Calcutta, July 21: For Mamata Banerjee, today’s rally was a long way from the first one she held over the police firing that led to 13 deaths in 1993.

Today’s rally also mourned the death of 14 people in Nandigram in 2007 and almost served as a curtain-raiser to her bid for Writers’ Buildings.

In 1993, it was a siege of Writers’ that had turned tra- gic. The protests and rallies she organised every year after that to mark the incident gave her an edge in Opposition politics but did not make her a credible candidate for power in Bengal.

Her profile as a street fighter grew over the years since 1993, but today’s rally saw Mamata trying to discard a part of her old image and acquire a new one — of being a responsible politician unveiling her vision of governance.

“There’s no doubt that Mamata has matured over the years and showed a great sense of composure in handling several issues. People who at one point of time had not been kind to the ways of her agitation not only tolerate but support them now. That shows how she has evolved and changed with each passing day. She is destined to govern Bengal one day,’’ said leader of Opposition Partha Chatterjee.

In 1993, Mamata had wan-ted to storm Writers’ Build- ings. Today, she spoke of removing the CPM through “peaceful, democratic” means.

In 1993, all she wanted was aggression. Today, she asked her activists to be “humble and modest’’.

The 1993 tragedy was the result of a violent road march led by the Youth Congress state president. Today, the Trinamul Congress chief sang a different tune: “Don’t put up blockades at the drop of a hat.”

Many in Trinamul wonder what it is that made this change happen.

According to a senior MP, in 1993 and a few following years it was agitprop politics that ruled her head and that had little to do with government policies.

“That was the principal reason for Mamata being seen as a temperamental leader only believing in the politics of agitation and demonstrations. Now, she has an emotive issue and with it a larger frame of politics that is related to government policies — agriculture, land and industrialisation of Bengal.”

For some years after 1993, she could create disruptions through street violence but it was Singur and Nandigram and the contentious land issue that swayed the people and cast a spell on them, said Congress legislature party leader Manas Bhuniya.

“The very complexion of Mamata’s politics changed with Nandigram and Singur. She latched on to the two, agitated across the state and succeeded in convincing the people that the CPM government was out to grab the land of the poor. That made the difference to her political career.

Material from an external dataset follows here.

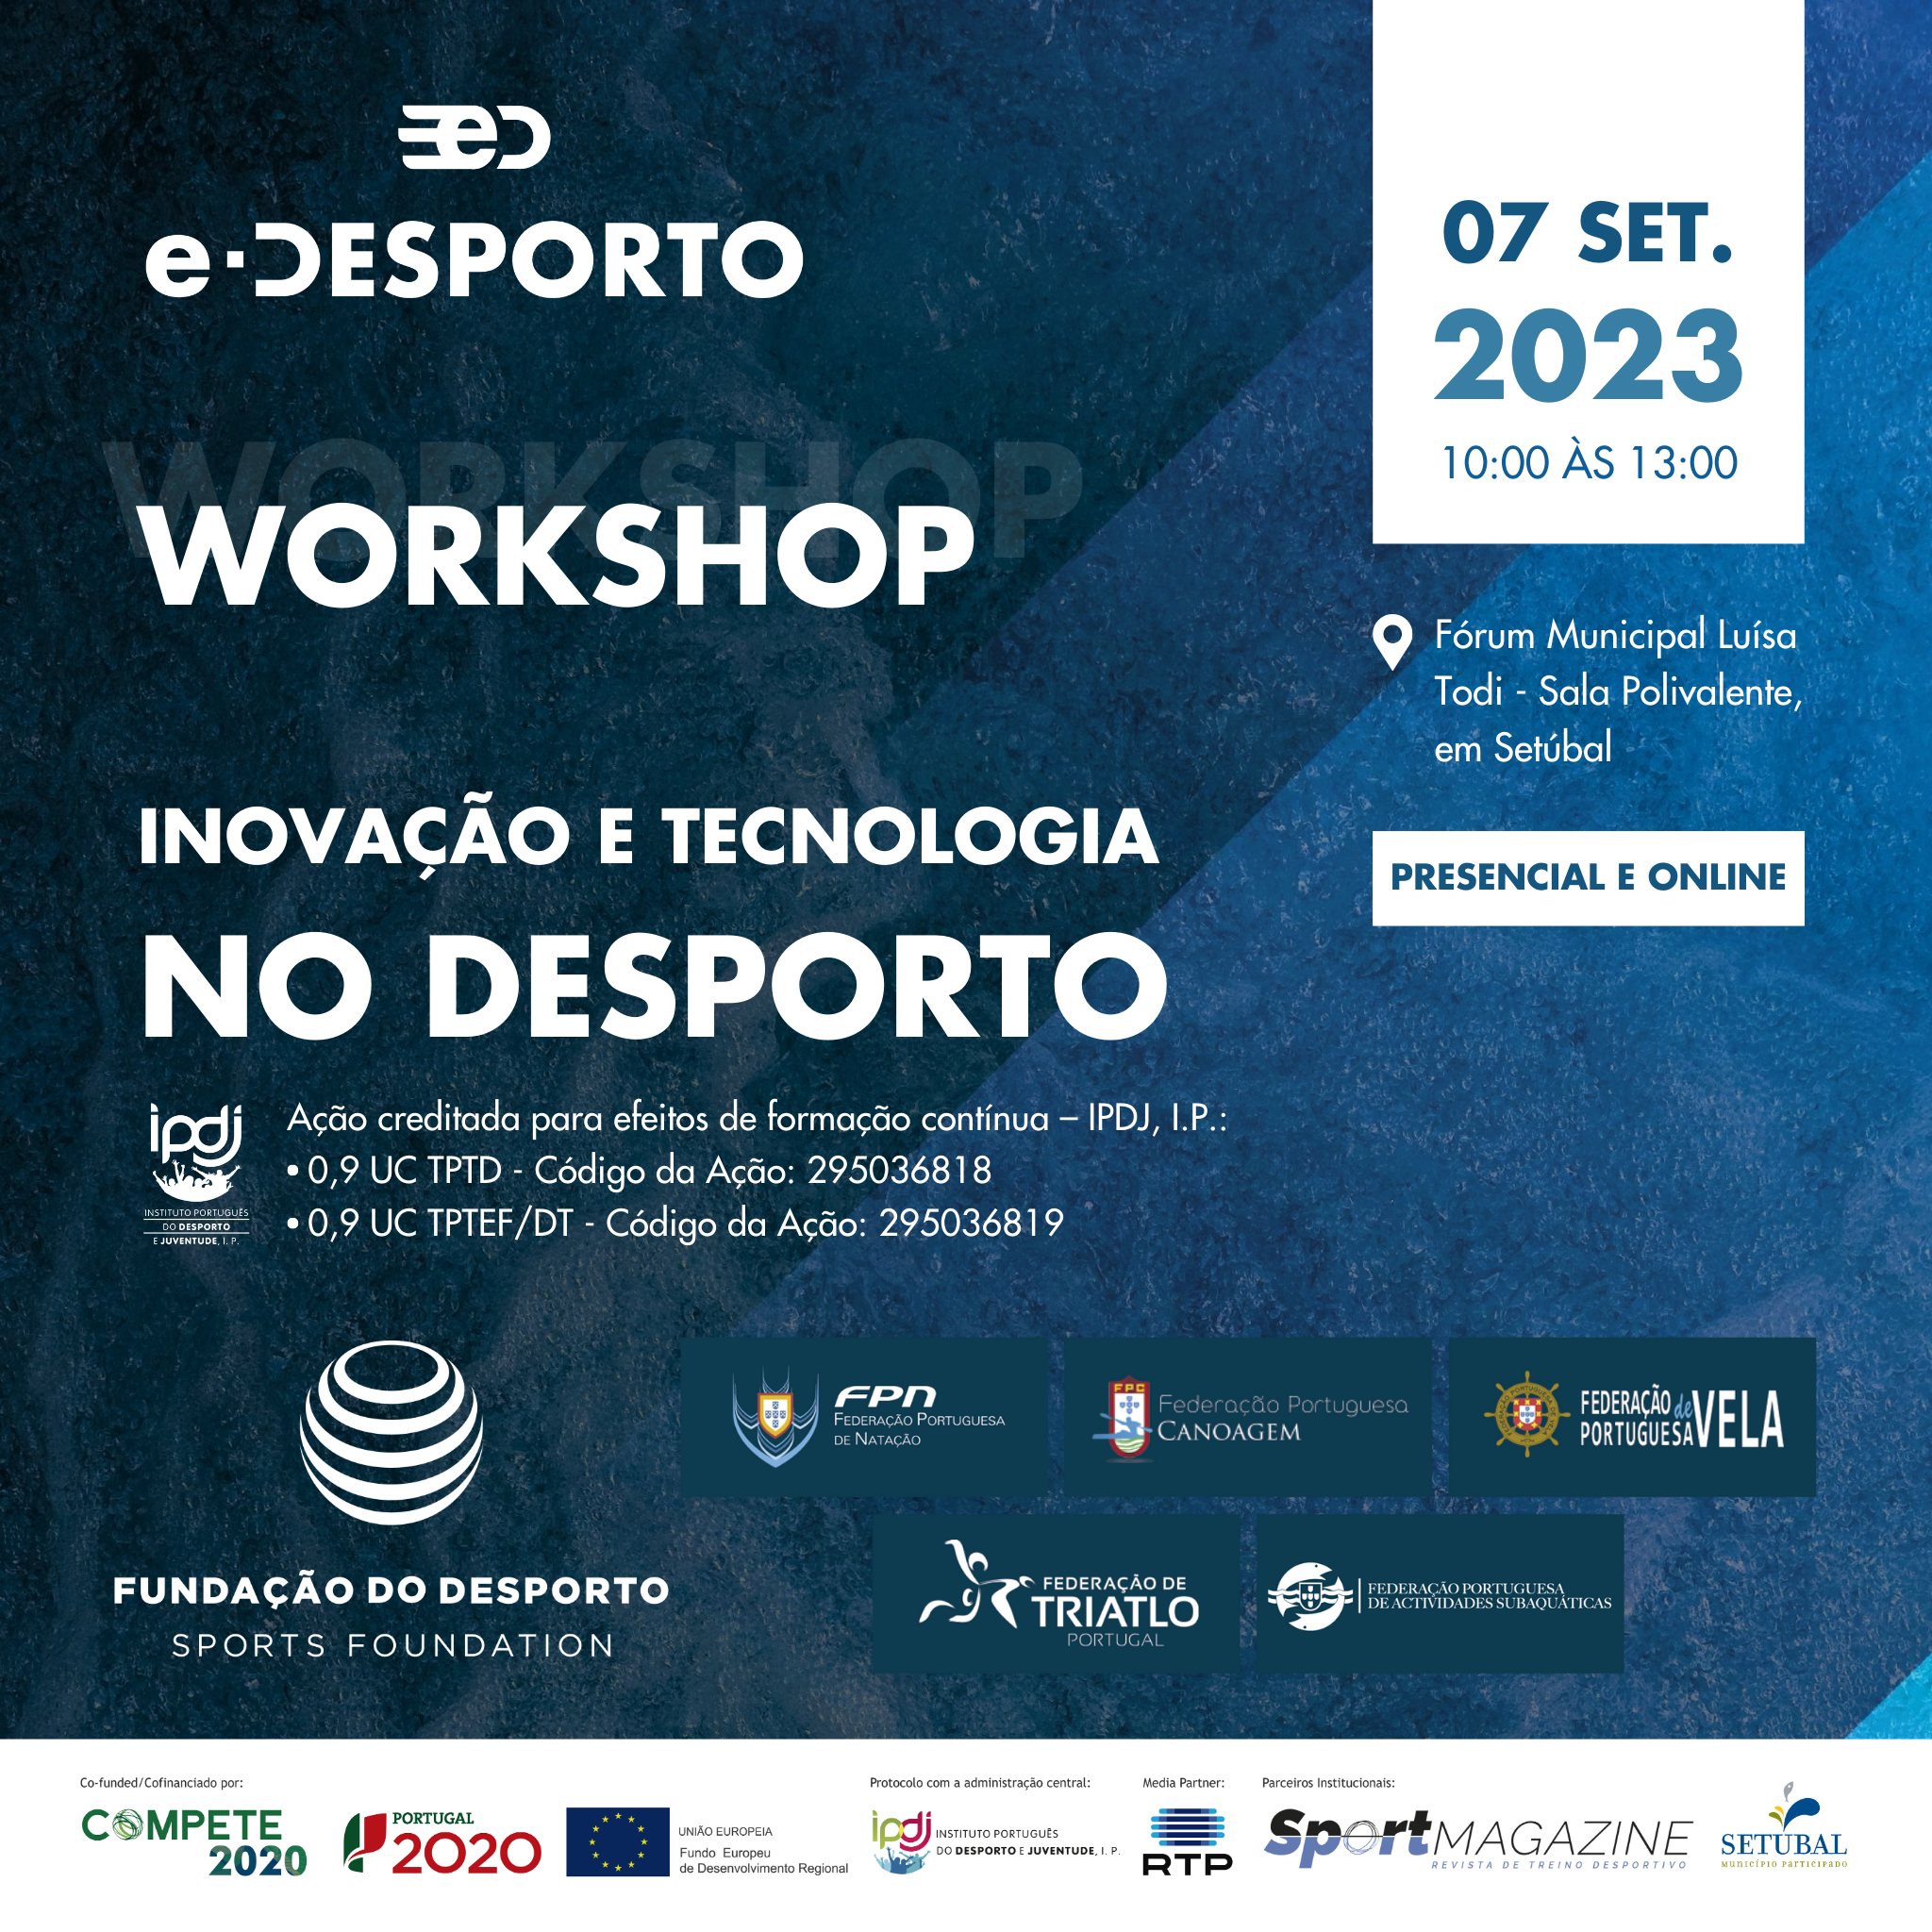 Workshop “Inovação e Tecnologia no Desporto” no dia 7 de setembro

The 1993 movement helped her to some extent grab Opposition space at the cost of the Congress. But her land agitation has prompted people to see Mamata in a different light and think about her as an alternative to the CPM,” Bhuniya added.

So in 1993, it was a Mamata road march that involved political workers. In 2009, she has peasants with her.

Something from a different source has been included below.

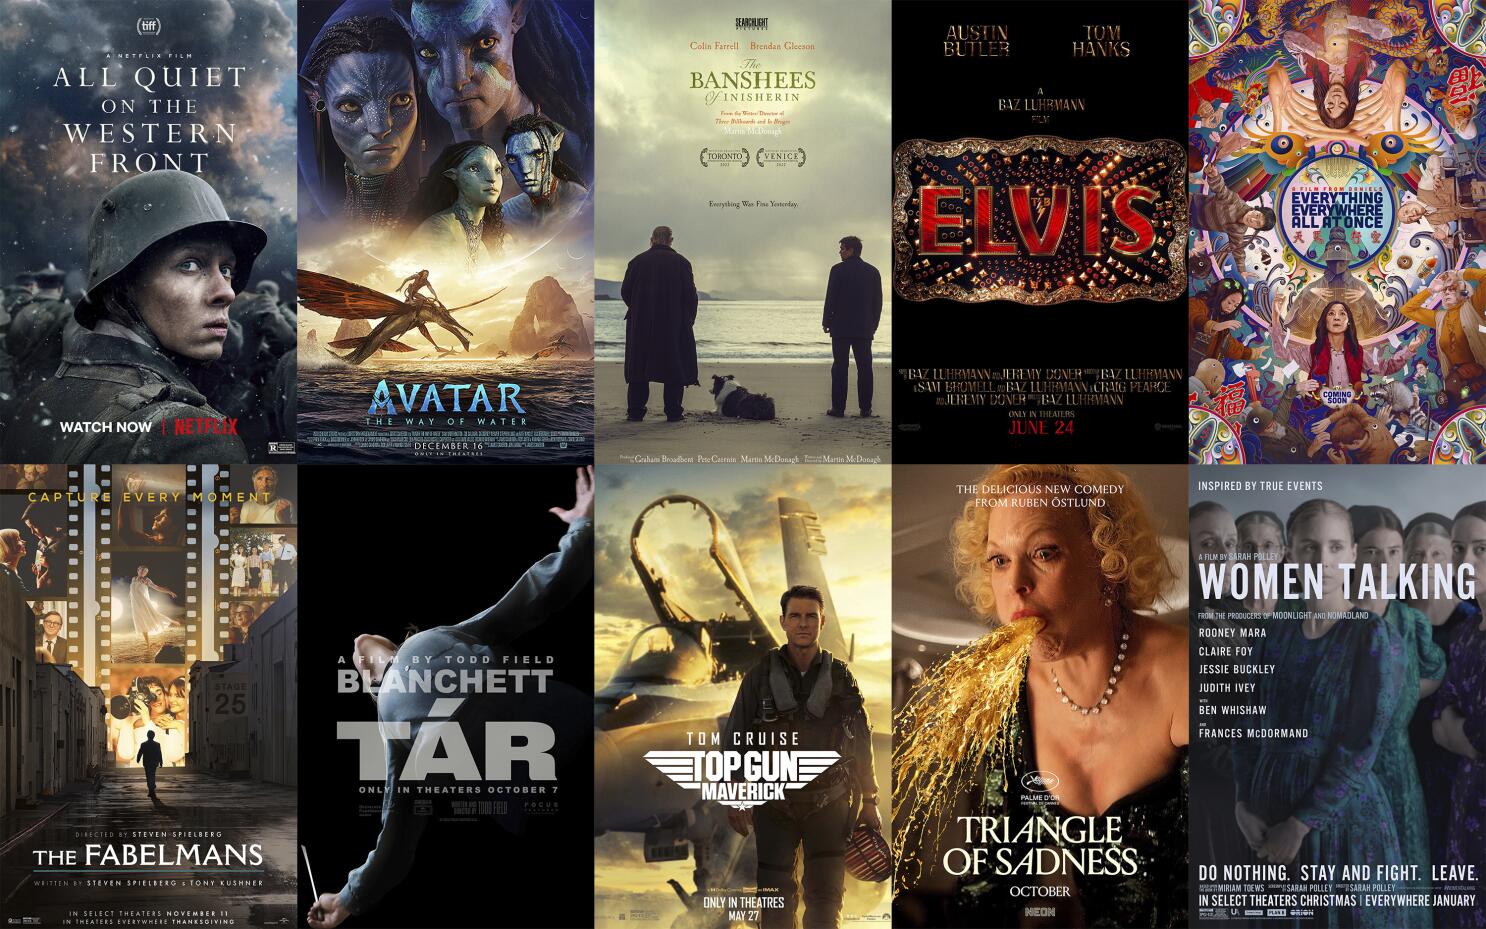 Las mejores películas de 2020, el año en el que cambió la

Not only the peasantry but a section of the intelligentsia and the extreme-Left also found an appeal in the Trinamul chief’s land movement, a CPM MP said. “Her march to Writers’ in 1993 was correctly described by Jyoti Basu as the march of vandals. But her movement on land and the 26-day fast she underwent on Singur impressed many intellectuals, extreme-Left and Left liberals. She was identified as one fighting for a cause. Earlier, the intelligentsia wouldn’t have discussed Mamata. Today, many of them were seen on a political stage,” the former MP said.

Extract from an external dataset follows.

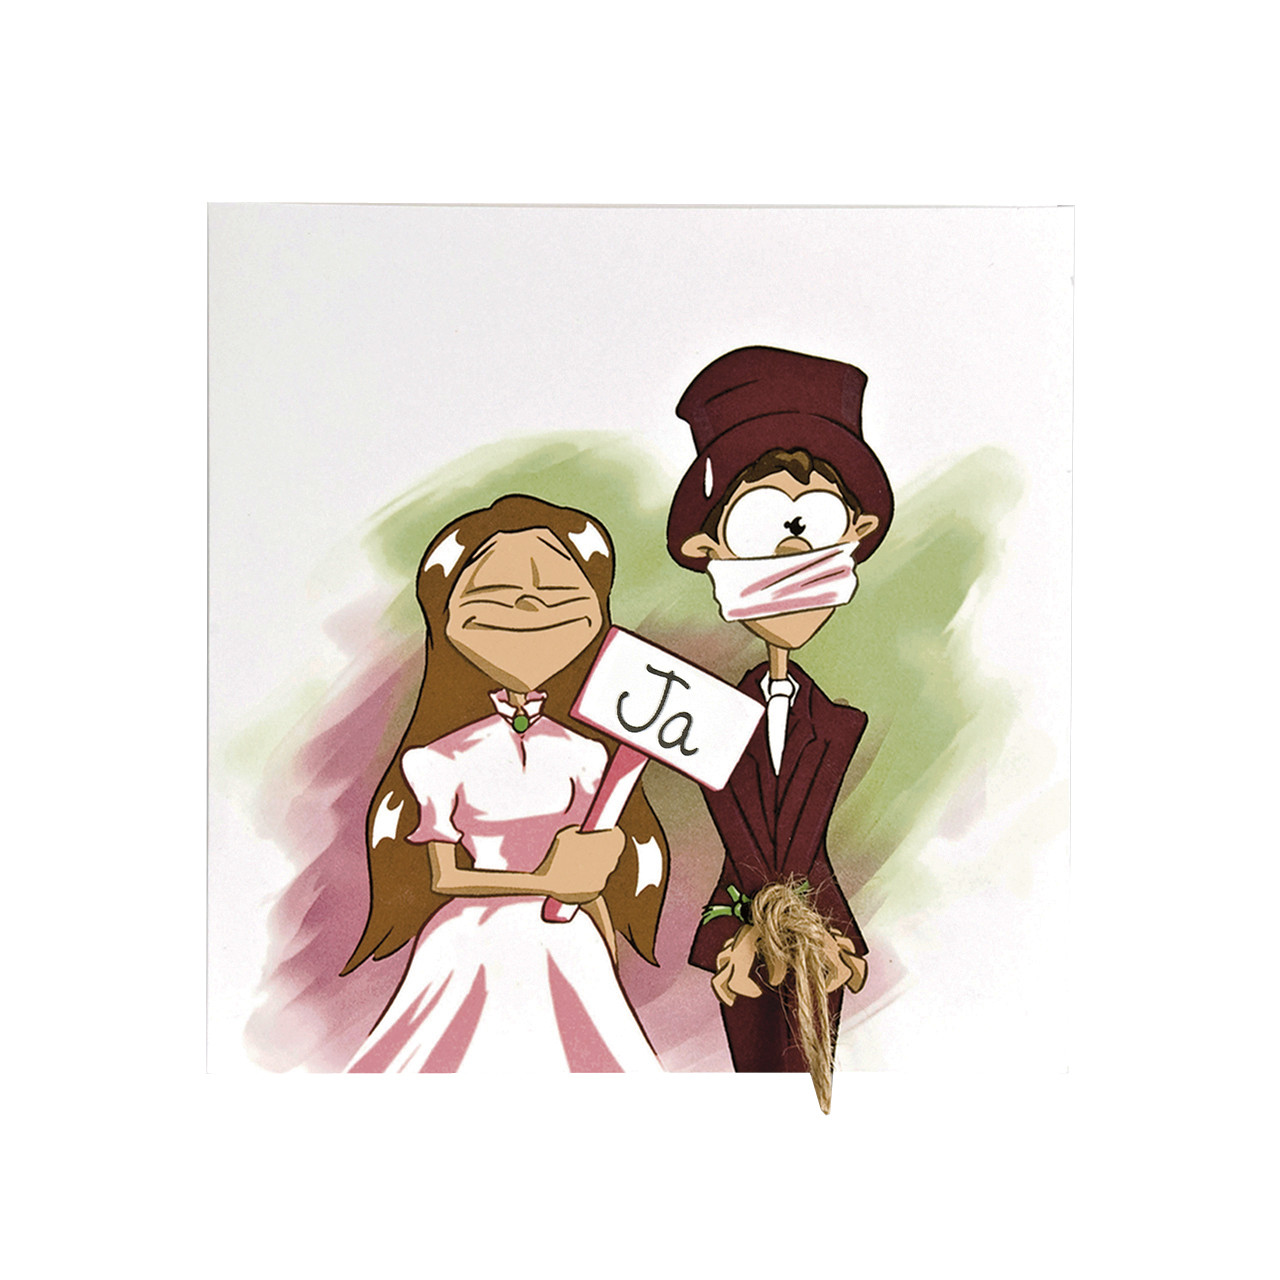 Hochzeit Lustig Comic
 Hochzeitskarte ic lustig Braut sagt ja Bräutigam erst

Mamata’s alliances with other parties didn’t work as an emotive political issue, but land and the people’s fear of displacement did.

She broke away from the Congress, formed Trinamul and allied with the BJP for the 1998 Lok Sabha elections. Three years later, her alliance with the Congress in the 2001 Assembly polls came a cropper. In the 2004 parliamentary elections, she again allied with the BJP but Trinamul’s performance was abysmal.

“It was only in the 2009 polls that Didi’s alliance with the Congress yielded rich dividends. And that’s because of the land-industry debate that she successfully handled,” said a close Mamata aide.